One-third of global seaborne fertilizer passes through the Strait of Hormuz, and the disruption is projected to add roughly 2 percentage points to US food-at-home inflation on top of energy-driven increases.
This fertilizer shock is arriving simultaneously with $187 billion in SNAP cuts, record food bank demand, and the elimination of the only federal survey tracking food insecurity.
The Strait of Hormuz is closed. One-fifth of the world's oil passes through it. So does one-third of global seaborne fertilizer, including nearly half the world's urea and 30% of its ammonia. Following US-Israeli strikes on Iran on February 28, Iran shut the strait. Commercial shipping has effectively stopped. Sea mines have been deployed. Three commercial vessels were struck this week.
The immediate impact hit oil. Brent crude is above $100. But the fertilizer shock may be worse.
The Numbers Hitting American Farms Right Now
Urea prices at the New Orleans import hub jumped 32% in one week, from $516 per metric ton on February 27 to $683 on March 5. Since mid-December, urea prices have surged 77%. In December, one ton of urea cost US farmers the equivalent of 75 bushels of corn. This week, the same ton costs 126 bushels.
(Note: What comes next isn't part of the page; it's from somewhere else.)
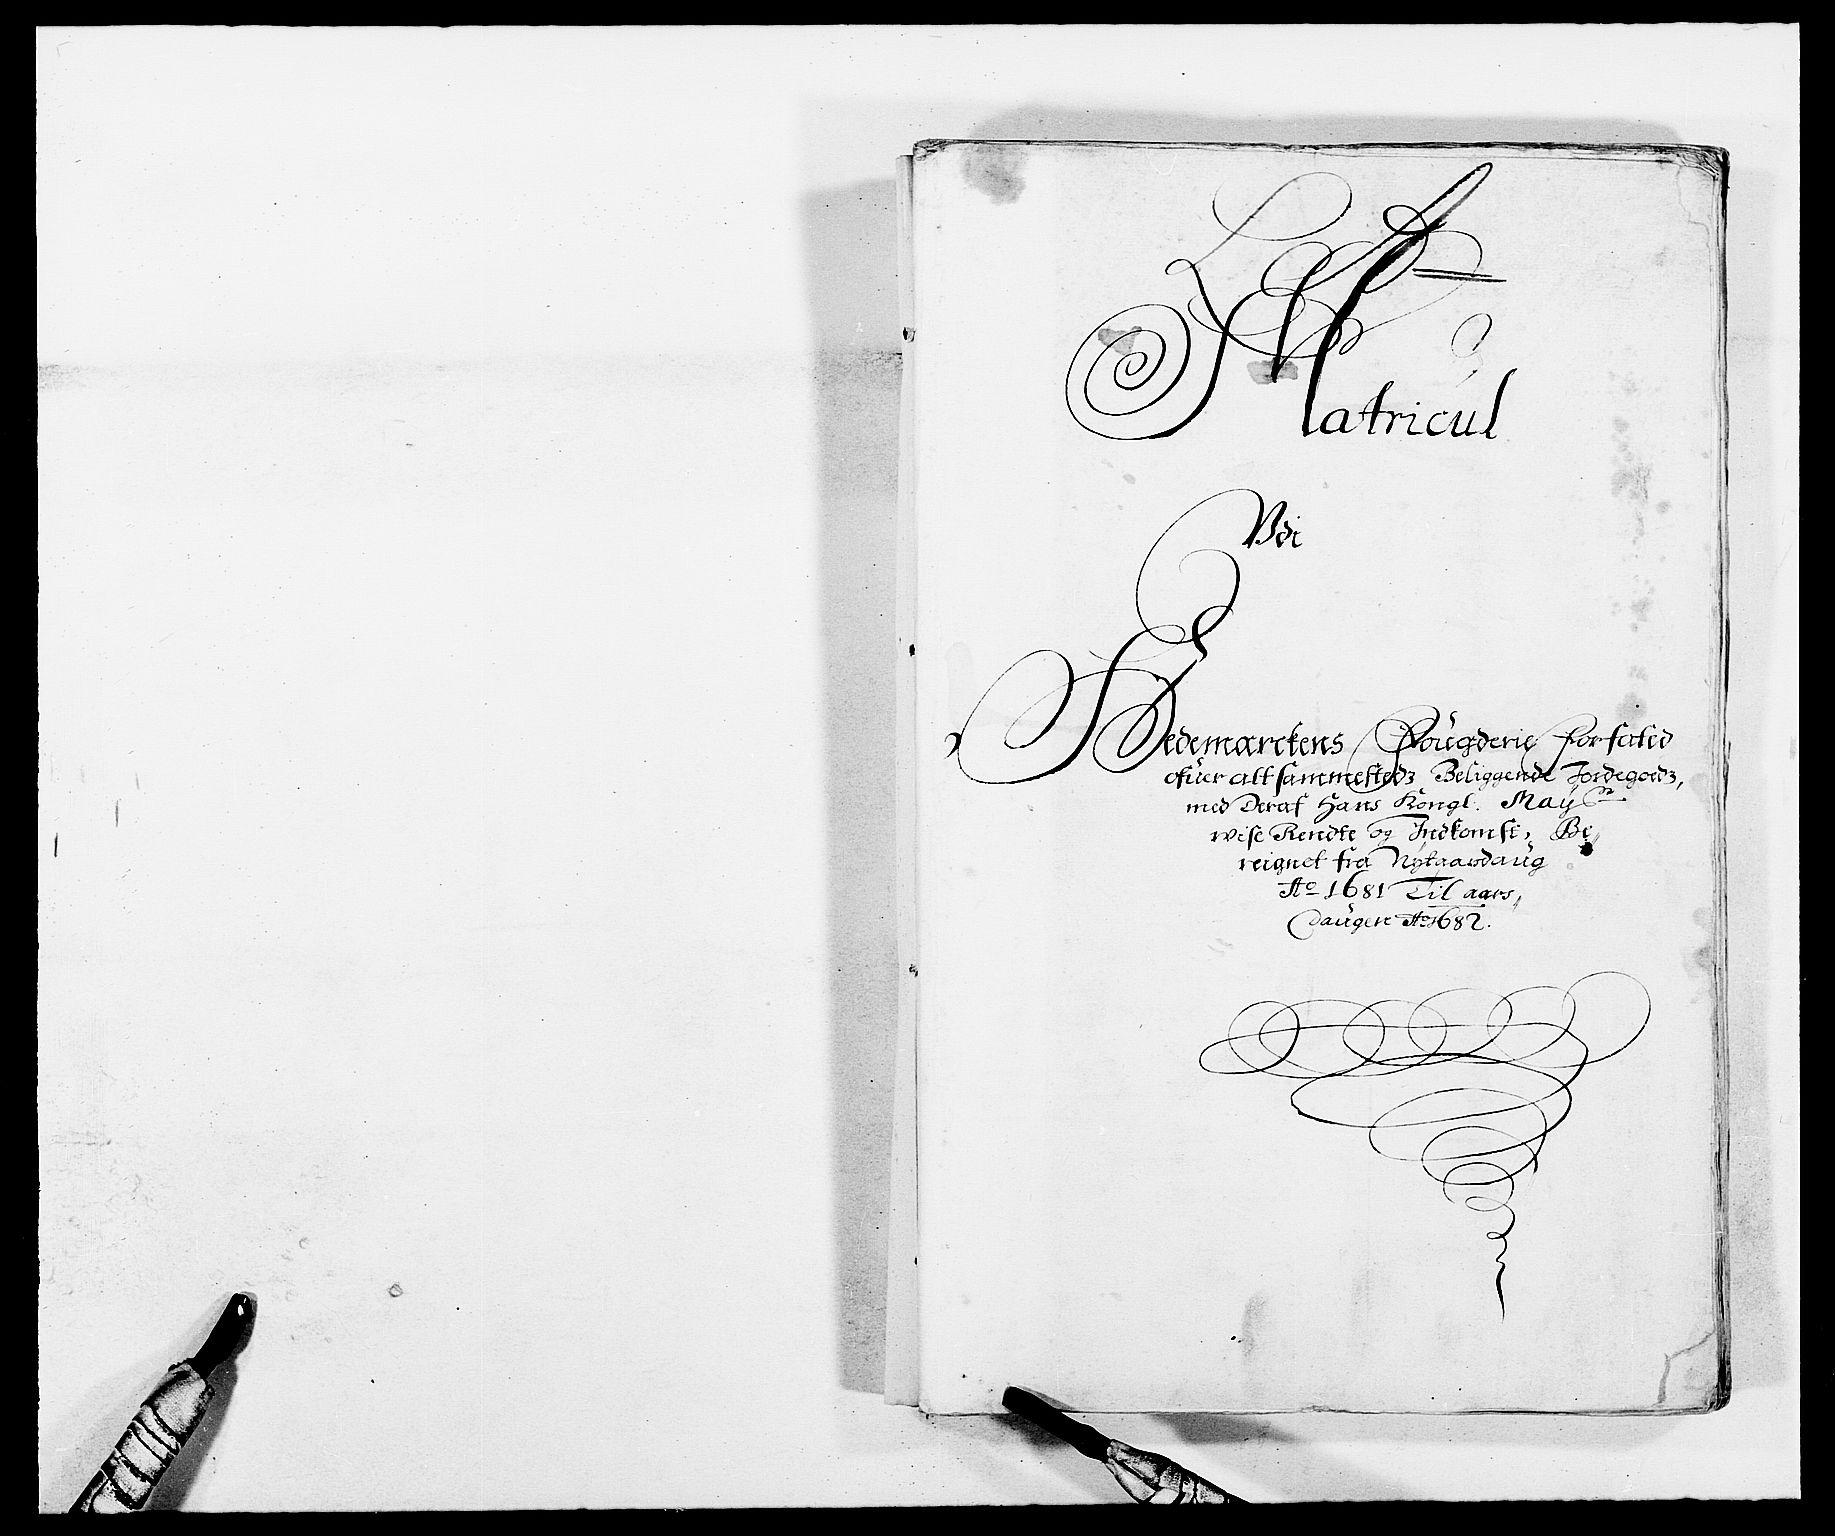 RA, Rentekammeret inntil 1814, Reviderte regnskaper, Fogderegnskap, R16/L1021: Fogderegnskap Hedmark, 1681, s. 10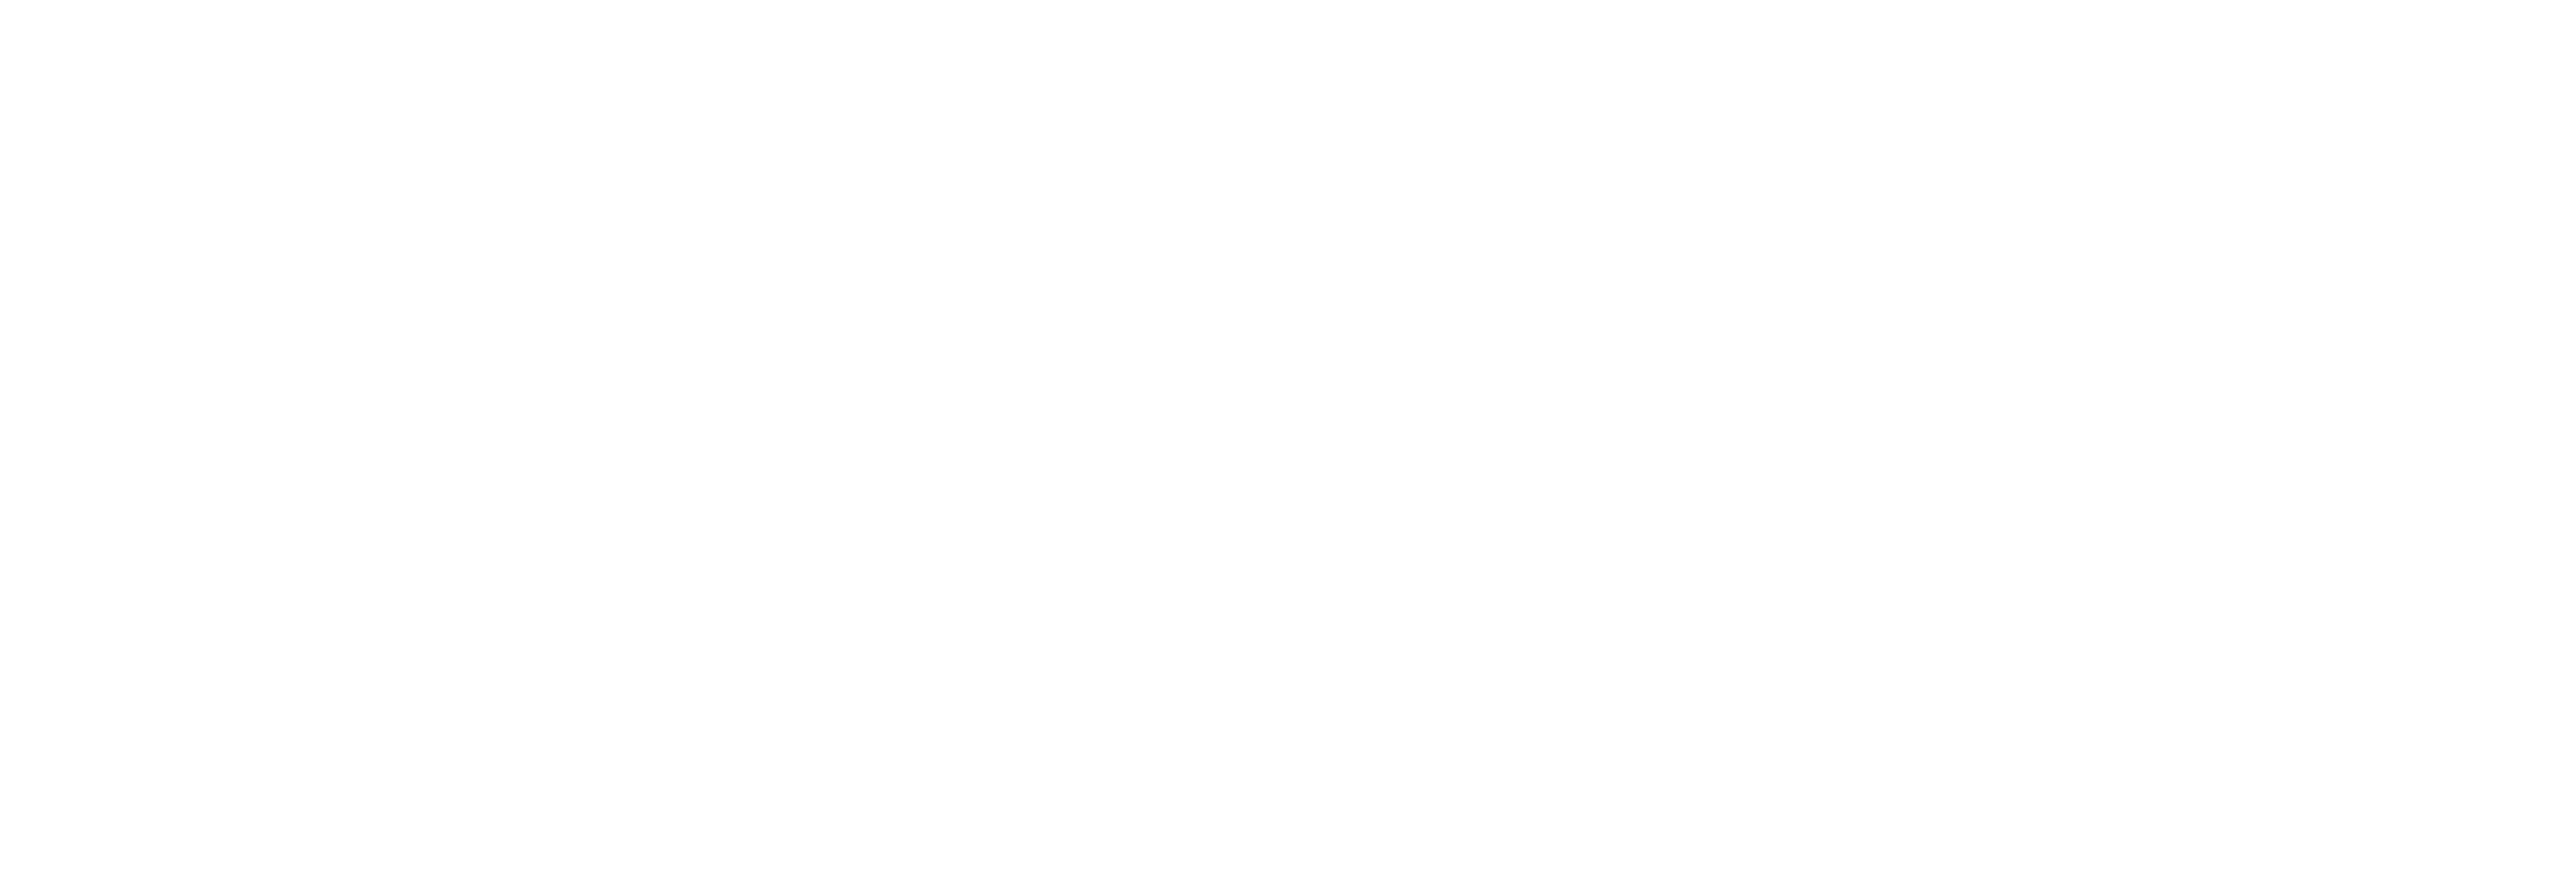 Crowhurst Spa

This is happening during spring planting season, when fertilizer demand peaks. Vessels from the Persian Gulf to the US Gulf Coast take 30 days. Supply disrupted today means shortages hitting during the most critical planting windows in March and April.
Seth Meyer, former USDA chief economist, told Fortune that margins are already poor and a bad decision this year could be costly. Corn, the most fertilizer-intensive crop in the US, is the backbone of the food supply. If fertilizer costs force farmers to plant less corn, the effects cascade. Corn feeds livestock. Corn syrup is in processed food. Ethanol is in gasoline.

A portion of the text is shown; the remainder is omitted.